His story of how psychedelics (particularly LSD) powered insights for his mathematics from the 1960s powered my own interest in the topic. I cited Ralph’s 2008 essay Mathematics and the Psychedelic Revolution in my coming-out-of-the-psychedelic-scientist-closet article It’s High Time for Science. His definitive telling of the story of psychedelic evolution of tech and math helped charge up the case for the creation of the Center for MINDS itself:
“There is no doubt that the psychedelic evolution in the 1960s had a profound effect on the history of computers and computer graphics, and of mathematics, especially the birth of postmodern maths such as chaos theory and fractal geometry. This I witnessed personally.

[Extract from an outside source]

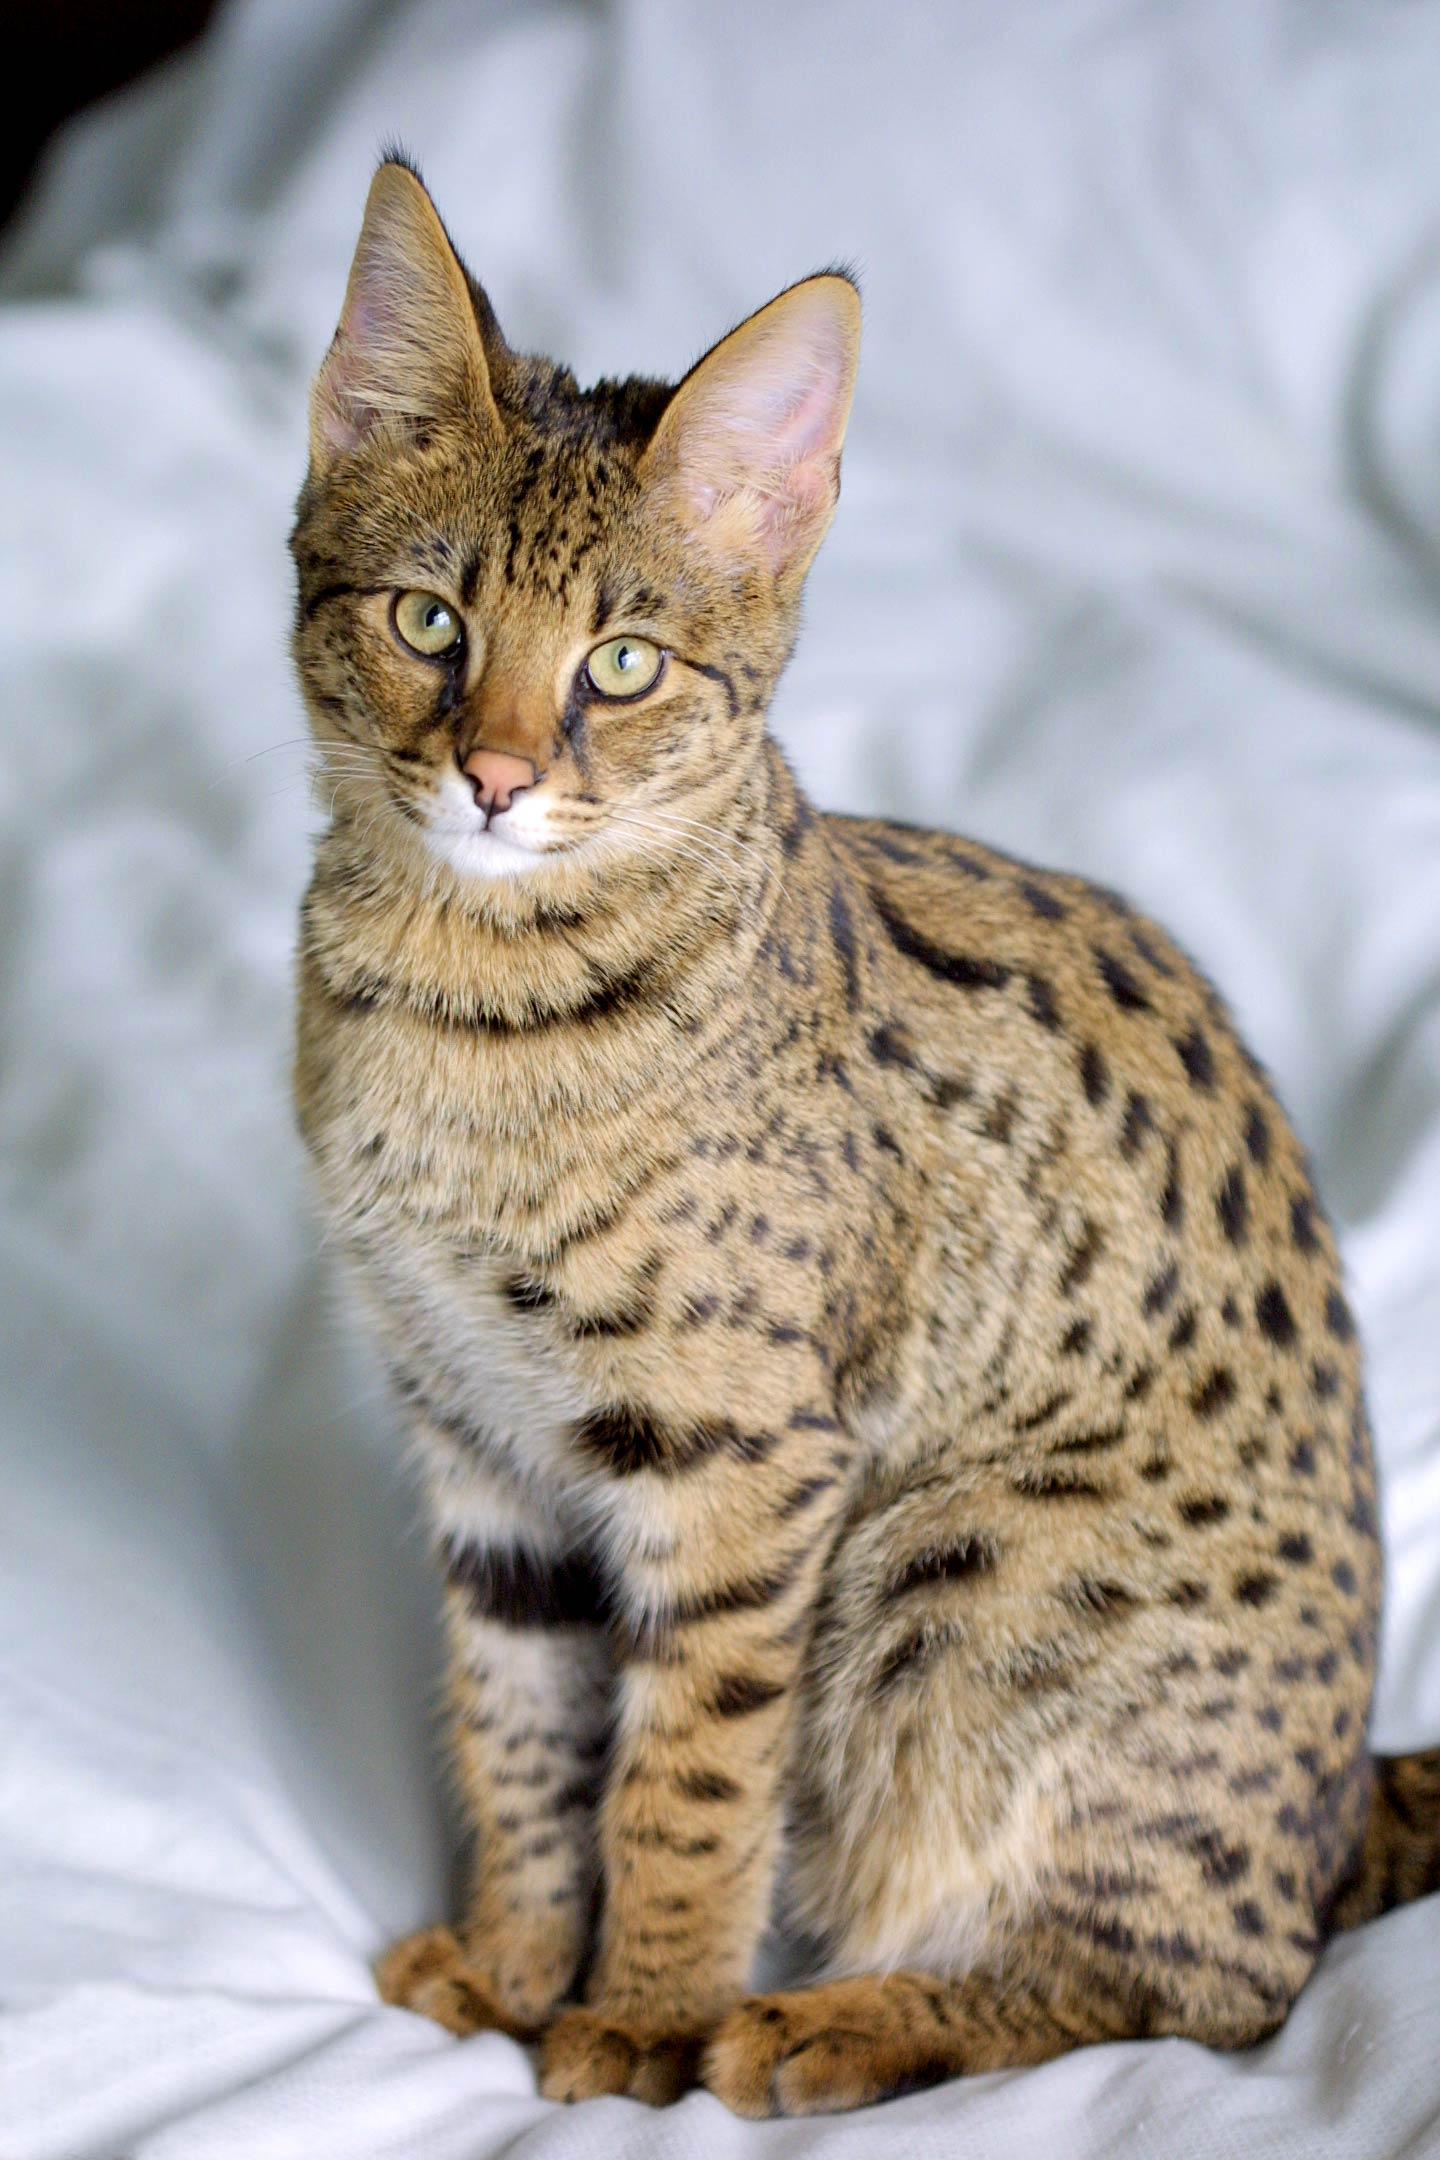 Savannah Katzen - Jason Douglas gemeinfrei via wikimedia

The effect on my own history, viewed now in four decades of retrospect, was a catastrophic shift from abstract pure math to a more experimental and applied study of vibrations and forms, which continues to this day.” - Ralph Abraham
At our last lunch back in March, 87 year-old Nick Herbert, one of our prized residents here at Ancient Oaks, joined me to meet with 87 year-old Ralph. They both moved to the Santa Cruz Mountains in the late 60s and crossed paths many times socially. It was delightful to witness two true wizards in (sometimes hilarious) discourse!
Ralph’s legacy goes on, from his many books and articles, pioneering work in dynamical systems theory and math visualization, and aiding society through his work guiding young people to enter exciting creative lives at the Ross School, and his visionary quest for an Akashic physics with Kolkata mathematician Sisir Roy.
Missing you Ralph: Last Selfie flanking and appreciating Ralph Abraham, Nick Herbert (left) and yours truly (right) - photo credit Kathryn Lukas-Damer
My final thoughts and feelings go out to his lovely wife and partner of many decades, “Rainbow” Ray Gwyn Smith.
- Bruce Damer
See also: Wallace Baine’s excellent article for Lookout Santa Cruz: Intellectual explorer Ralph Abraham was always looking for the Big Picture.
Thank you, Bruce. Ralph extended a great kindness to me in 1985 which became the foundation of a deep friendship. The last times we met we were considering how AI might be altered - or rather, could it be altared - so that it had an ethical foundation no matter it’s other uses. As you might guess, we were not successful but it was our mutual concern and alarm. What a wild and beautiful mind with a heart to match has left us - or given the edges he crossed his entire life - has decided to do his sacred work from the other side.
I appreciated his book Chaos Gaia Eros. Did you know William Irwin Thompson? Such wisdom.